I checked my older brother's Last Seen to see what time he was last awake, and apparently it was about 2 hours before. I straightway knew it wasn't him, and not my parents either. So what on earth was making that sound???

You've no idea how shit scared I was! My parents and brothers room are facing each other, while mine faces the hallway. My normal thoughts were of course, "Whatever it is, it's gonna come for me first." I repeatedly told myself that, and I couldn't help shivering of fear, and crying.

I called my parents again, yet still they did not answer. In the end, my big brother answered his call. I'd woken him up from deep slumber, but boy was I glad.

I straightway told him to come into my room, to fetch me and send me to the master bedroom so I could sleep with my parents. Meanwhile, the "pap pap pap" was getting faster and LOUDER. I was shitting bricks by then. My brother was asking, "Asal eh? Oy, asal eh???" but I couldn't speak.

He finally arrived a minute later, and told me... Mmm, it was my dad sleeping on the couch outside, and he was using a stick to hit his back here and there because he had gotten itches everywhere.

The whole experience was not funny, my being scared was not worth laughing at all. But hey. I laughed anyway because that was the most stupid thing that I'd been ever paranoid about.
____

First day of school was fine. I'm a year 2 student now! My first day of year 1 feels like decades ago, somehow. So many things have happened since then.

I walked into school feeling high and mighty as fuck. I literally held my head up high, and walked with a sway. Honestly, as much as I love laughing at the bimbos on America's Next Top Model, the shows actually taught me how to walk properly.

Now I no longer look on the floor. And I felt more confident. My knees were shaking, because I've never walked with such strut before, but I just pushed the thoughts aside and tried to look natural.

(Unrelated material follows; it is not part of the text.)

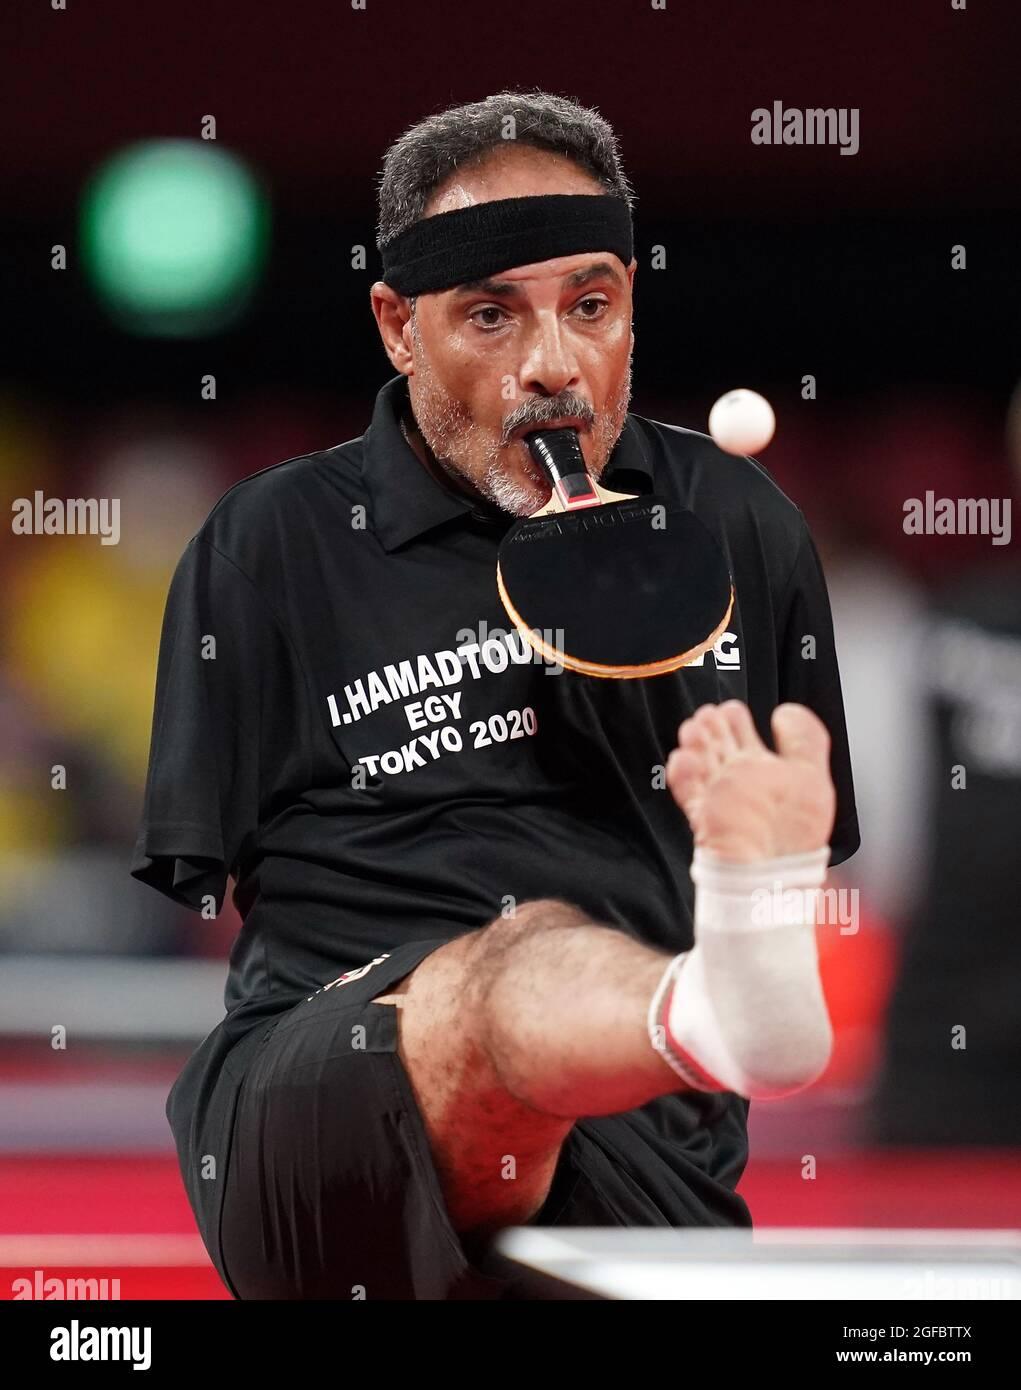 Der ägyptische Ibrahim Elhusseiny Hamadtou ist am ersten Tag der Paralympischen Spiele in Tokio 2020 in Japan beim Männer-Einzel-Tischtennis der Klasse 6 der Gruppe E im Tokyo Metropolitan Gymnasium in Aktion. Bilddatum: Mittwoch, 25. August 2021. Stockfoto

Don't know, maybe to others I'd have looked scared or something, but I think I did good from the bus stop to class. Proud of myself for finally not letting the hair cover my face by looking at my feet.

My classmates are fine I guess, though as I'd suspected, most of them already knew each other. Plus, on the name list, there was an asterisk next to my name, and the bottom of the page said that names with asterisks are those 'taken from other classes'.

In short, the people from this class I was put into for Induction Programme aren't my future classmates after all. Honestly, the reason why I'd turned up was because I thought they were my classmates-to-be. How dashed my hopes were.

There's this guy with nice anime hair [that's what I call haircuts that're brown, thick, and have that certain shape] but he was so socially awkward, I could see it from far. I tried talking to him during groupwork but he didn't answer or look at me, just continued writing.

So Shi Hui and I made a fool out of ourselves when we were buying our notes. Jokes of the day, oh my gosh. But only the two of us can really get it and laugh about today XD

Am looking forward to how the school days would be like from now on, considering the fact that so much has changed since then. Thinking positive always.